Why does the Court do such a bad job in this area? The answer may be
simple ignorance. The criminal justice system is a massively
complex enterprise. Figuring out the effects of the latest abortion
ruling is child's play compared with unpacking the consequences of
decisions like Wardlow and Kyllo on policing or the effects of
cases like Miller-El and Booker on criminal trials and plea
bargains. Getting those consequences right would be hard even for
experts. And the highest court in the land is not filled with
experts. Souter is the only sitting justice with substantial
experience in criminal litigation--and that was on the
not-exactly-mean streets of New Hampshire. Frontline urban
prosecutors and defense attorneys rarely end up on federal appeals
courts, the breeding ground for future justices. So they never make
it to presidential short lists.
Justices who have never seen the inside of a police station are
happy to expound on the virtues and vices of different kinds of
drug enforcement. If they knew more, they might say less.
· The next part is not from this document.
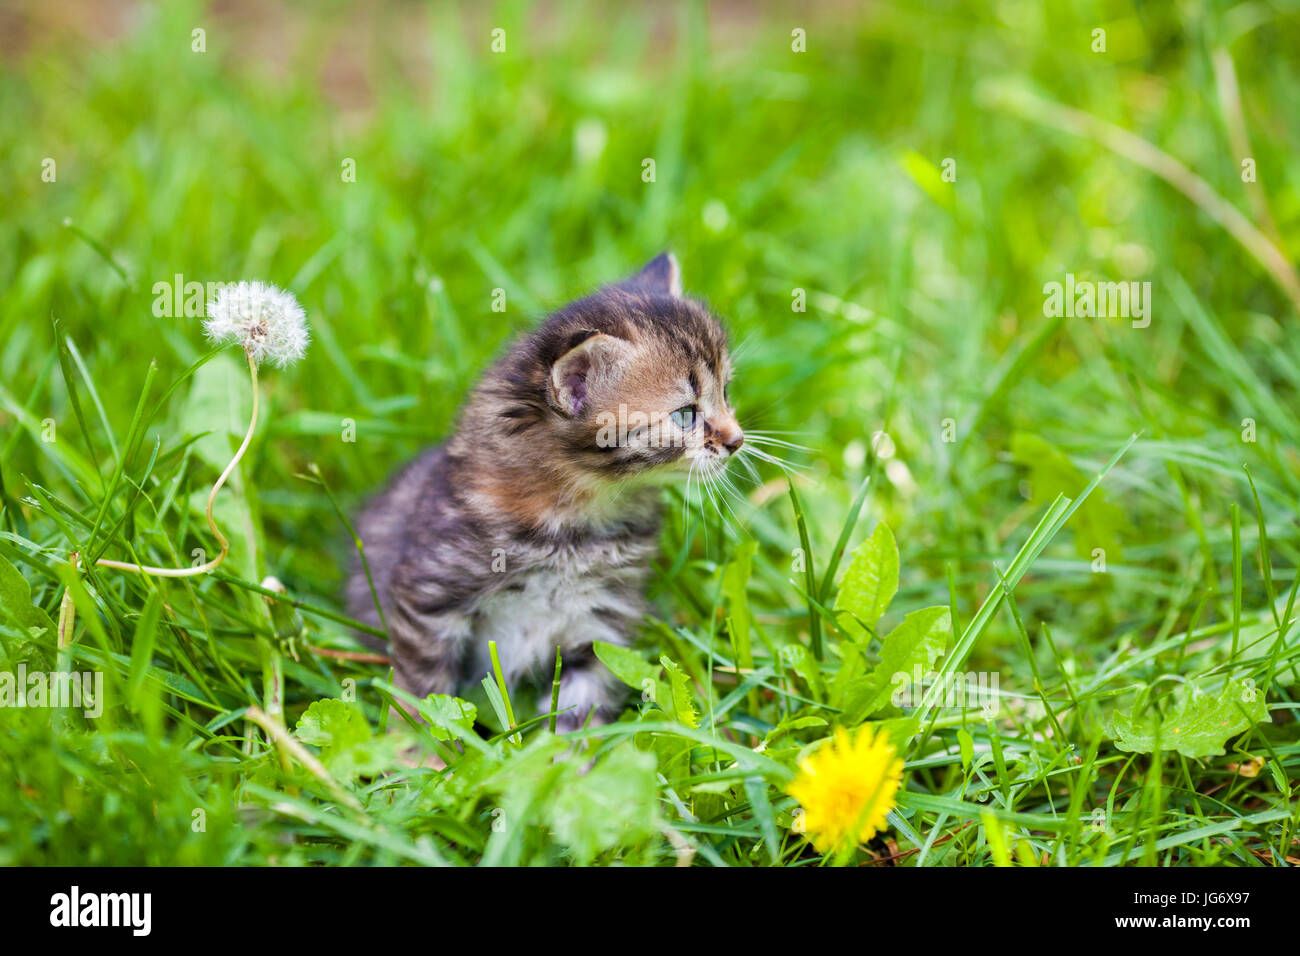 Pequeño gatito sentado en el pasto verde Foto de stock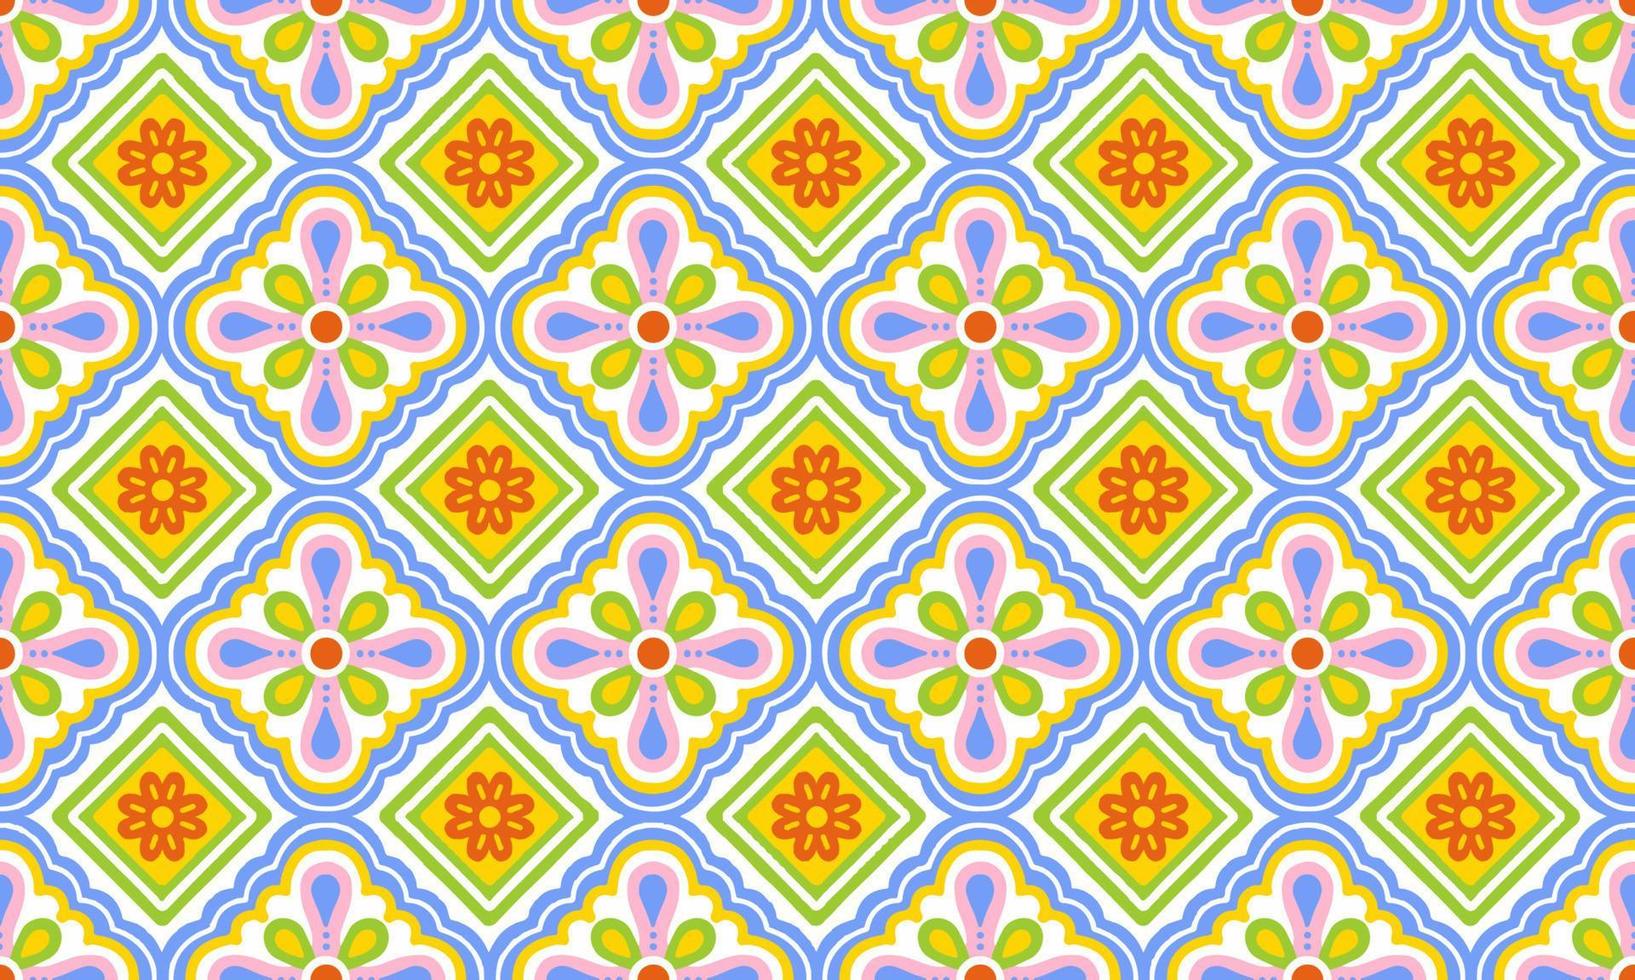 fundo étnico abstrato fofo verde pastel flor azul geométrico motivo tribal tribal árabe padrão nativo oriental design tradicional papel de parede do tapete roupas tecido embrulho impressão vetor popular batik

Veterans
of the criminal justice trenches understand that, when it happens,
productive change comes from the men and women who serve in those
trenches. Community policing and crime labs, drug courts and
faith-based prison initiatives, "broken windows" policing and
partnerships with inner-city churches--all the best ideas in
contemporary criminal law enforcement bubbled up from below. None
stemmed from judicial edicts.
Judging from the names bandied about in the press, the next couple
of Supreme Court picks will be like the ones who have gone before.
That's a shame, but it need not be a tragedy. The justices--both
old and new--need to remind themselves of a few simple truths. The
Constitution guarantees a fair criminal process. That should mean a
modest number of basic guarantees, defined as clearly as possible.
Beyond the basics, legislators, prosecutors, and police officers
should be free to experiment. The criminal justice system
desperately needs innovation. Constitutionalizing everything five
justices can agree on stifles innovation. If President Bush wants
good results in this piece of the legal landscape, he should
appoint justices who will let the real reformers do their jobs.